Single-cell RNA sequencing (scRNA-seq) is a powerful tool to study heterogeneity and dynamic changes in cell populations. Clustering scRNA-seq is essential in identifying new cell types and studying their characteristics. University of Pennsylvania researchers developed CellBIC (single Cell BImodal Clustering) to cluster scRNA-seq data based on modality in the gene expression distribution. Compared with classical bottom-up approaches that rely on a distance metric, CellBIC performs hierarchical clustering in a top-down manner. CellBIC outperformed the bottom-up hierarchical clustering approach and other recently developed clustering algorithms while maintaining the hierarchical structure of cells. Importantly, CellBIC identifies type 2 diabetes and age specific β cell signatures characterized by SIX3 and CDH2, respectively.

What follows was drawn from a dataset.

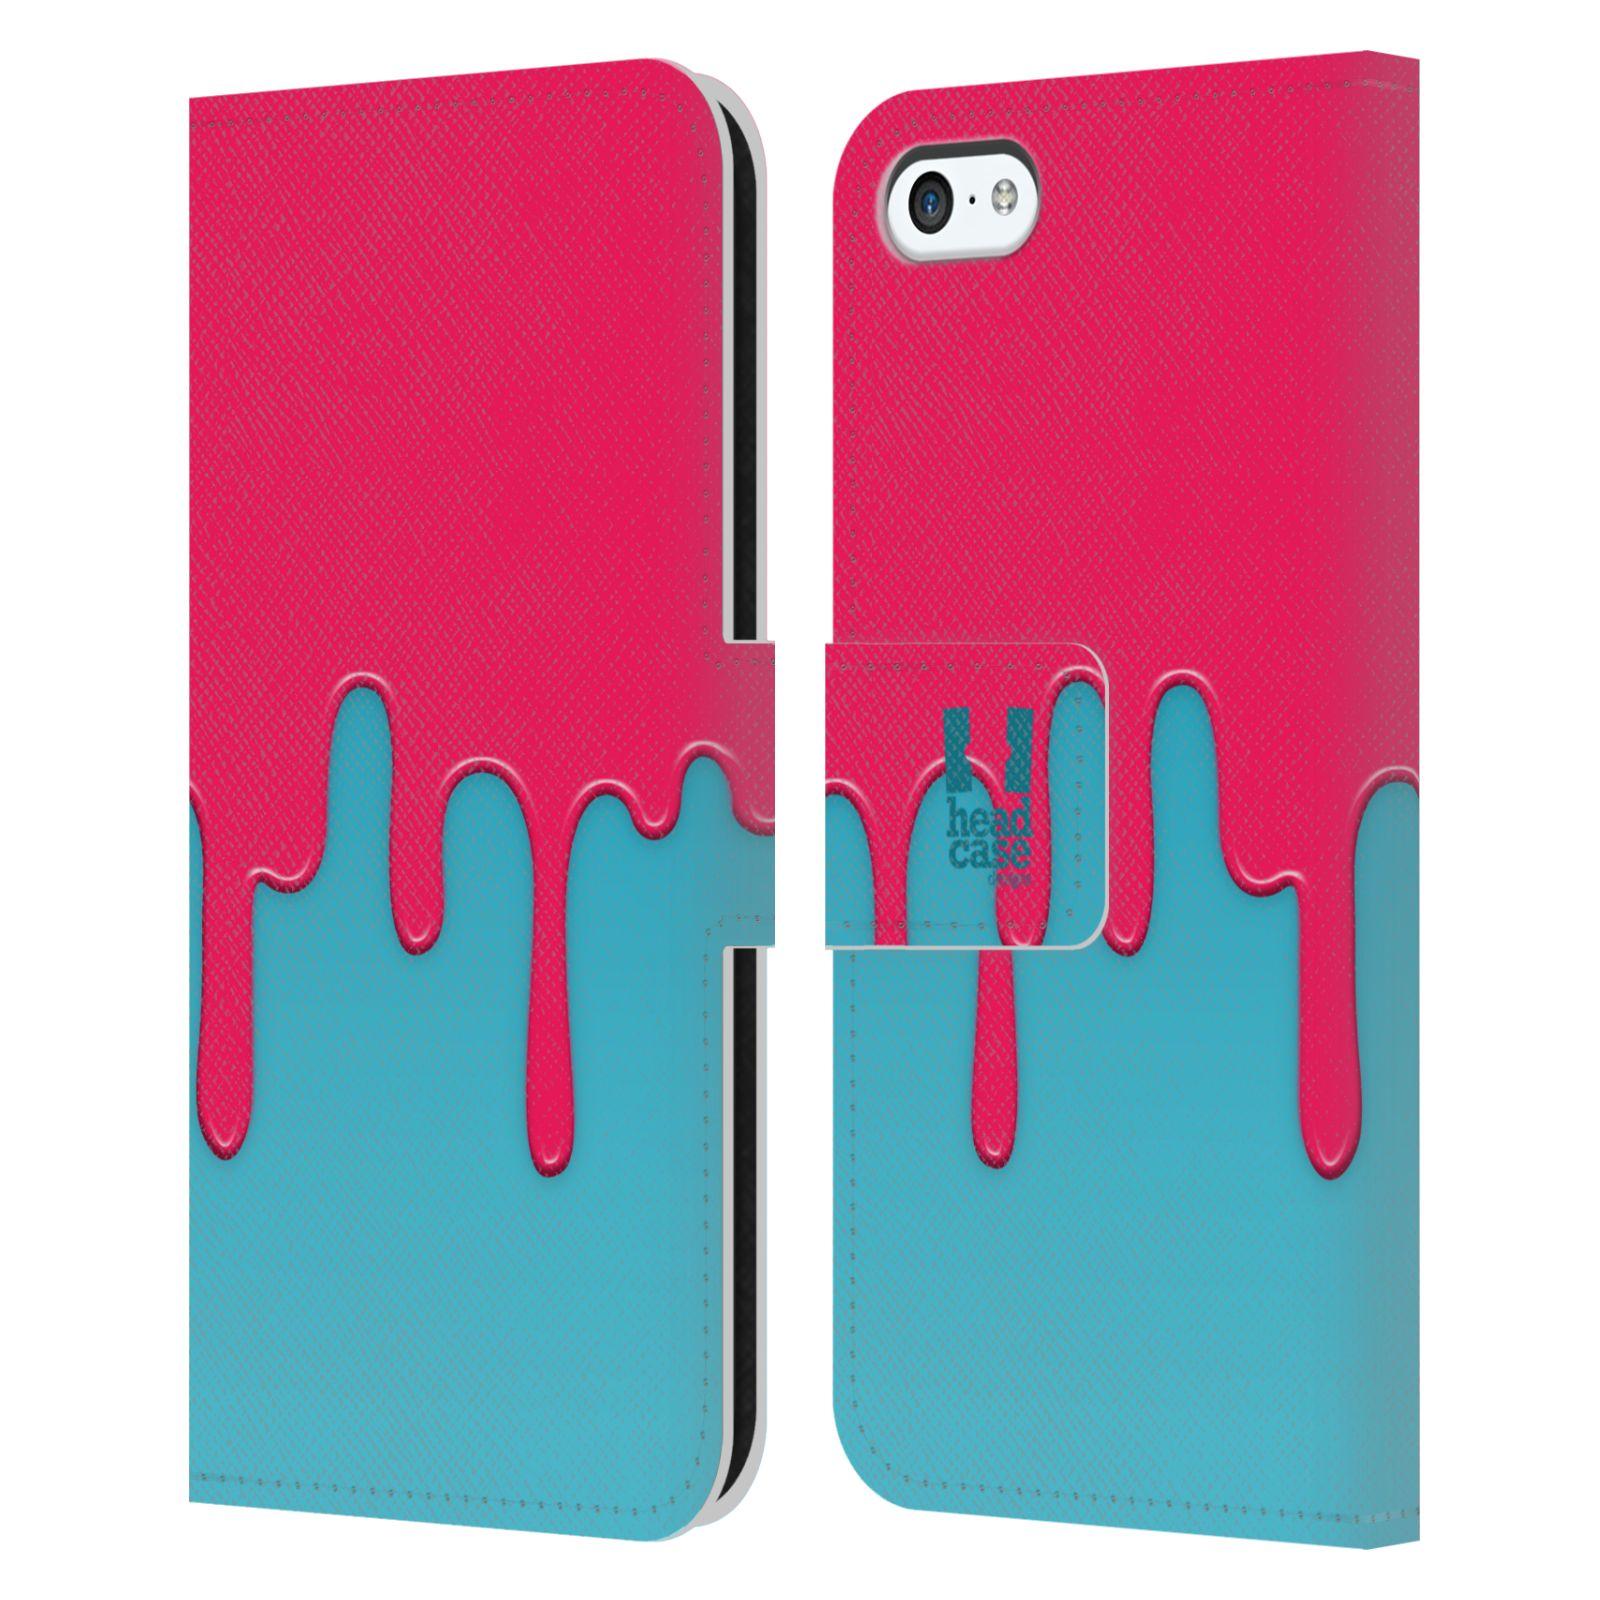 HEAD CASE Flipové pouzdro pro mobil Apple Iphone 5C Rozlitá barva růžová a modrá
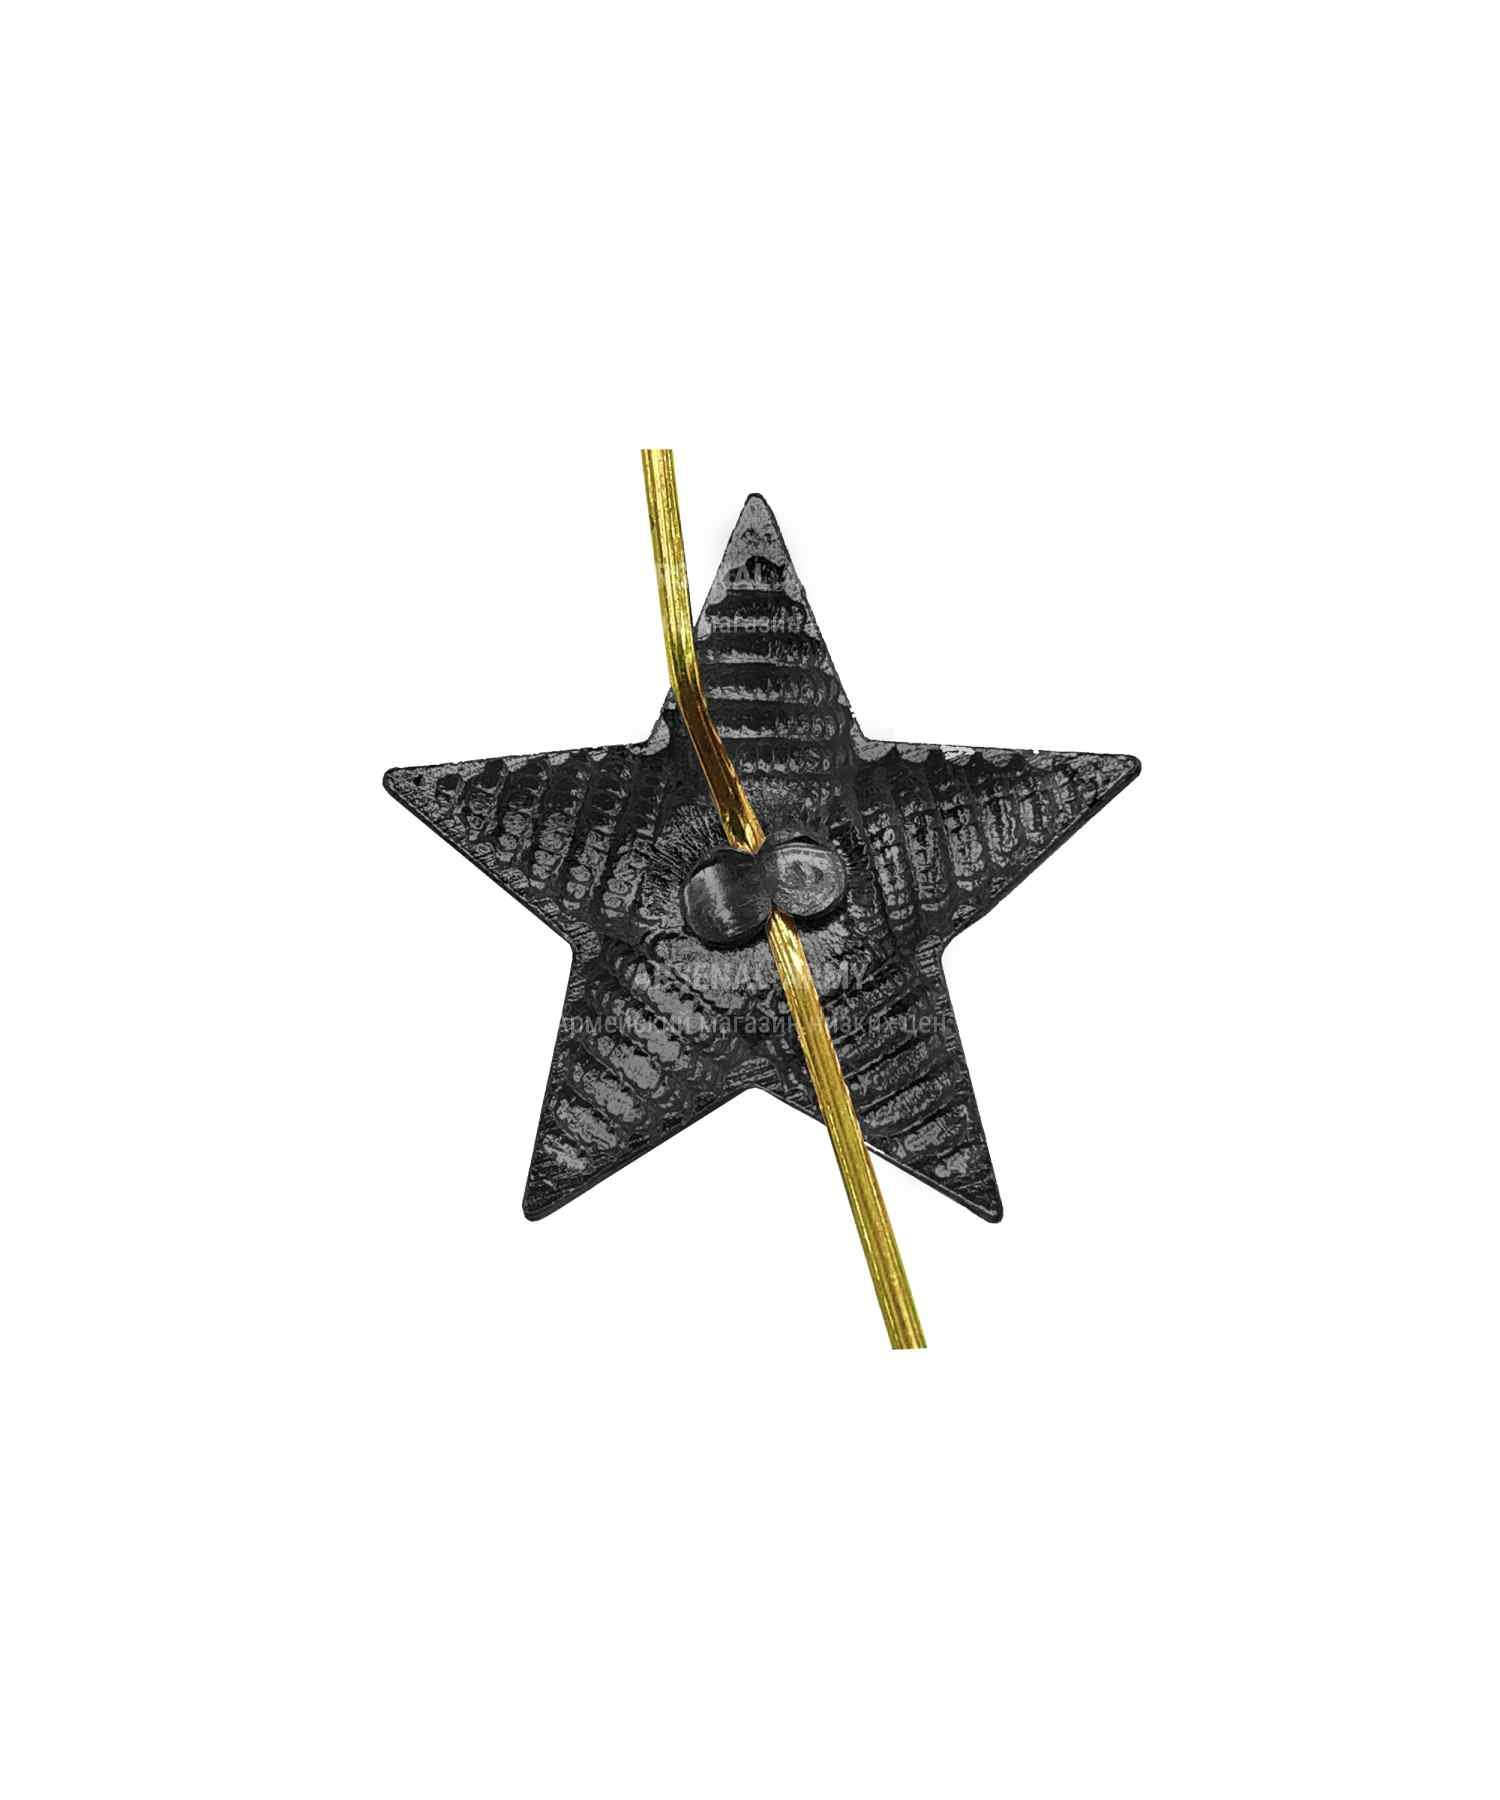 Звезда на погоны рифленая ФСИН черная 18 мм

CellBIC implements top-down hierarchical clustering using bimodal pattern
(A) Step 1: Boolean membership is obtained using a Gaussian mixture model. (B) Step 2: A gene group is selected based on the Boolean membership. Only genes observed in one mode significantly are included. (C) Step 3: A membership matrix is obtained using the selected gene set. Cells are divided into two groups based on the membership matrix. (D) A top-down clustering is performed by applying A-C recursively. (E) A membership matrix obtained by CellBIC when using human pancreatic α and β cells (3). (F) A classical bottom-up hierarchical clustering using human pancreatic α and β cells (3). The point to cut the tree is not well defined for the bottom-up hierarchical clustering.